Introduction
Grafana is a database analysis and monitoring tool. It allows you to create dashboard visualizations of key metrics that are important to you. Grafana has a thriving community of enthusiasts who share reusable dashboards,Grafana supports a huge number of data sources. And, since the application is open source, you can be sure that the moment a new data source has been released, someone out there is adding support for it. The most common use case of Grafana is displaying time series data, such as memory or CPU over time, alongside the current usage data.

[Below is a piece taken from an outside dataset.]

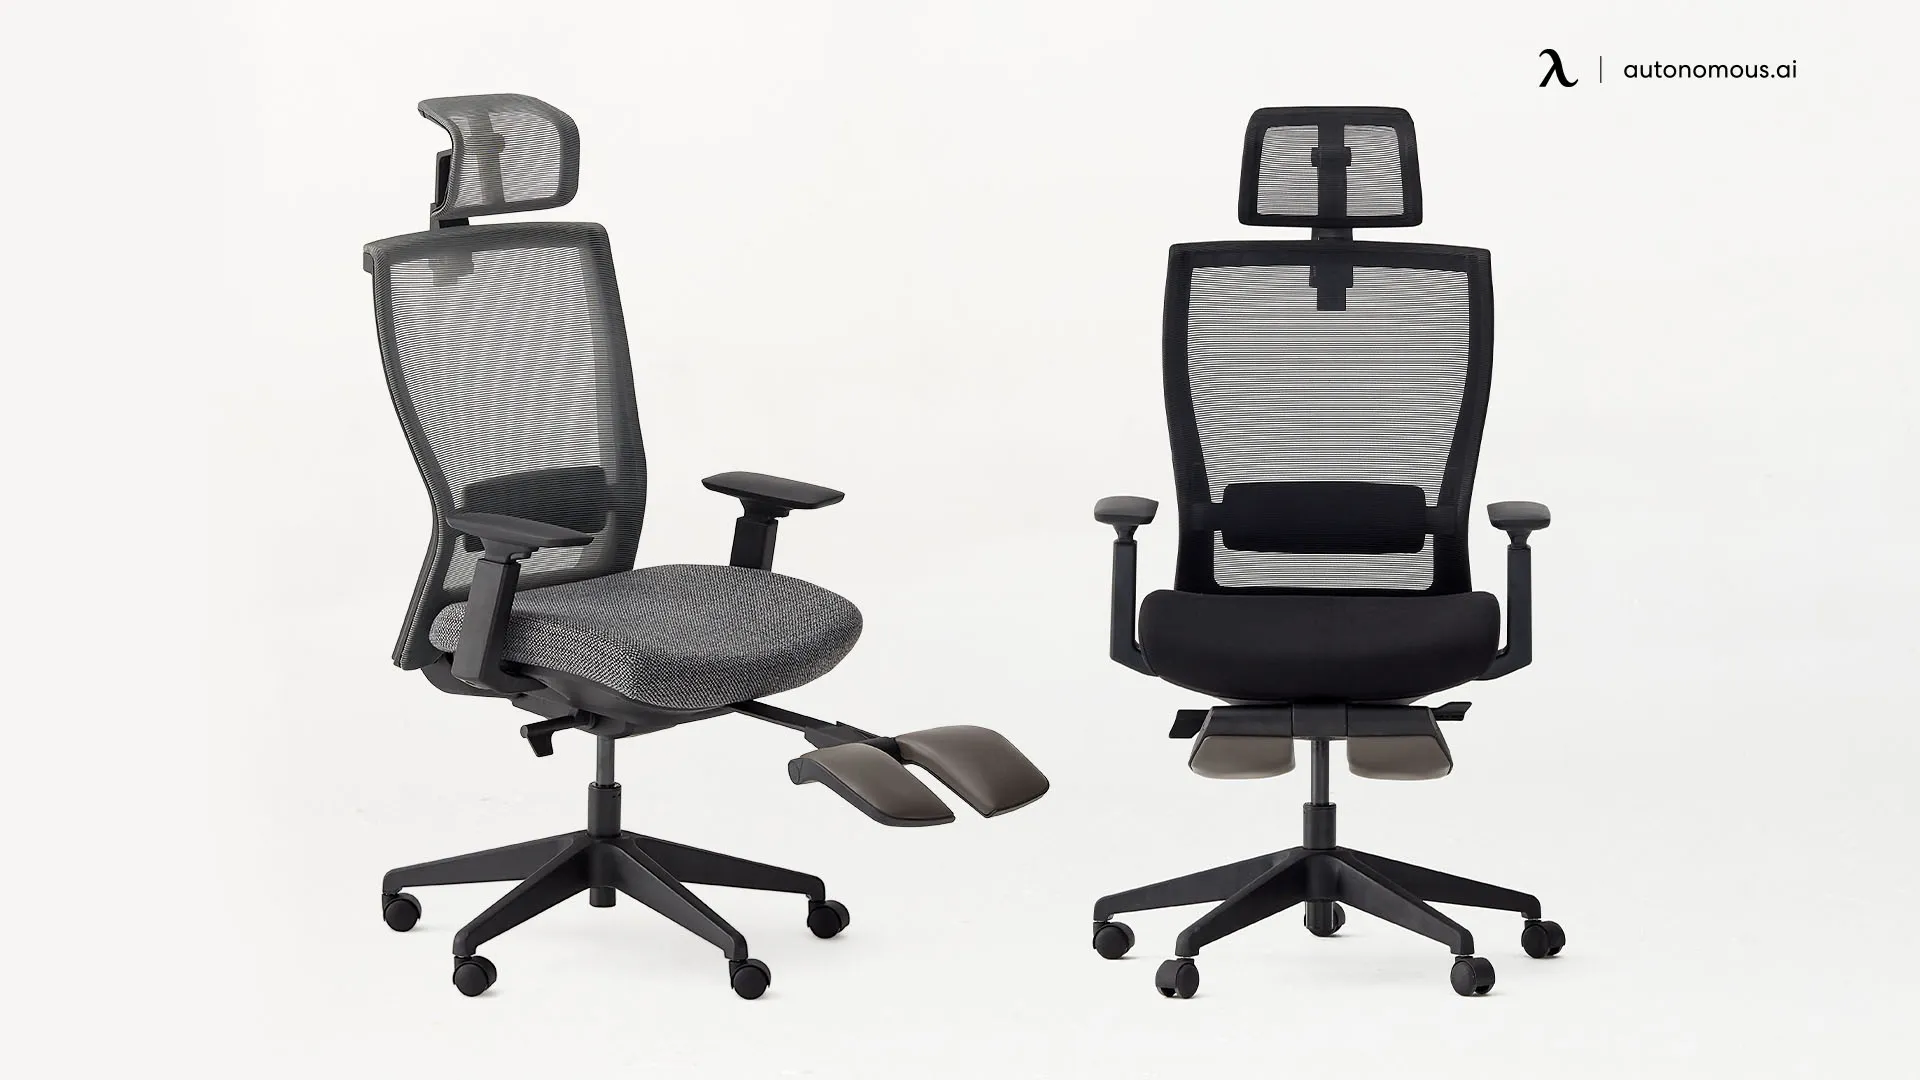 ErgoChair Recline tall desk chair

Installing Grafana Locally
Grafana provides comprehensive instructions for wherever you want to deploy it.If the installation was a success, then Grafana should be available through your web browser by default on http://localhost:3000, and your screen should look like the image below. The default username is admin and the default password is also admin. You will be asked to change your password after logging in.
Configuring DataSource:
Configuring your data source is the first step to setting up your Grafana dashboard, Grafana supports different storage backends which provides a variety of ways to query and visualise the data. All of these data sources expose their own query languages. For example, Prometheus exposes PromQL for time series data, and MySQL data source exposes SQL query language. Now let’s add Prometheus as the data source in Grafana.
Go to configuration → data sources and click on “Add data source”.
Add Prometheus and fill out the URL, authentication, scrape interval, and name of the data source. Press save and test. It should show Data source is working if Grafana successfully connects to Prometheus.
Create Dashboards
Dashboards are made from panels of information organised into rows. I’m creating a dashboard from one datasource, but you can use different data from different sources in the same dashboard.Panels represent a visual representation of a query. Each panel can show the same or different data using a visualisation that is the easiest for you to process.
On the right hand side on the panel tab expand the Visualization menu and choose the stat icon. This will immediately give you a preview of your panel showing the dashboard.
Grafana calculates how long the time intervals are in each graph automatically. It uses the variables $_interval, $_from, and $_to. For example, if you are viewing the last 6 months of data it will show 1-day interval segments in the graph, whereas if you are viewing the last 1 hour’s data it will show in 1-m interval groups.
Intervals and refresh
Grafana provides time intervals so we can check metrics at a given point in time or over a time interval. In the top right corner, you can see the drop-down menu where you can set the time interval for the data. There are a couple of usual ones like last 5 m, last 1 hour, last 12 hours, and custom time intervals for any date or time, Auto refresh can be used to refresh data in specific time intervals like every 5 s, every 1 m, etc.
Dashboard import and export
Every dashboard in Grafana is JSON-based. These dashboards can be exported from a JSON file or Grafana’s dashboard repository.
Let’s export the dashboard we just created. Go to dashboard setting → JSON Model, shows a JSON document. This JSON document is a complete dashboard definition that can be imported to any other Grafana instance. Let’s save it as node-exporter.json.
Conclusion:
In this Grafana tutorial, you learned how to set up your first dashboard, Grafana is not just for when you have performance issues. You can proactively set up alerts to notify you when a value reaches a threshold to keep one step ahead of your performance issues. The dashboard looks so good that you’ll soon be putting monitors with all your dashboards up all over the office. It can become an obsession!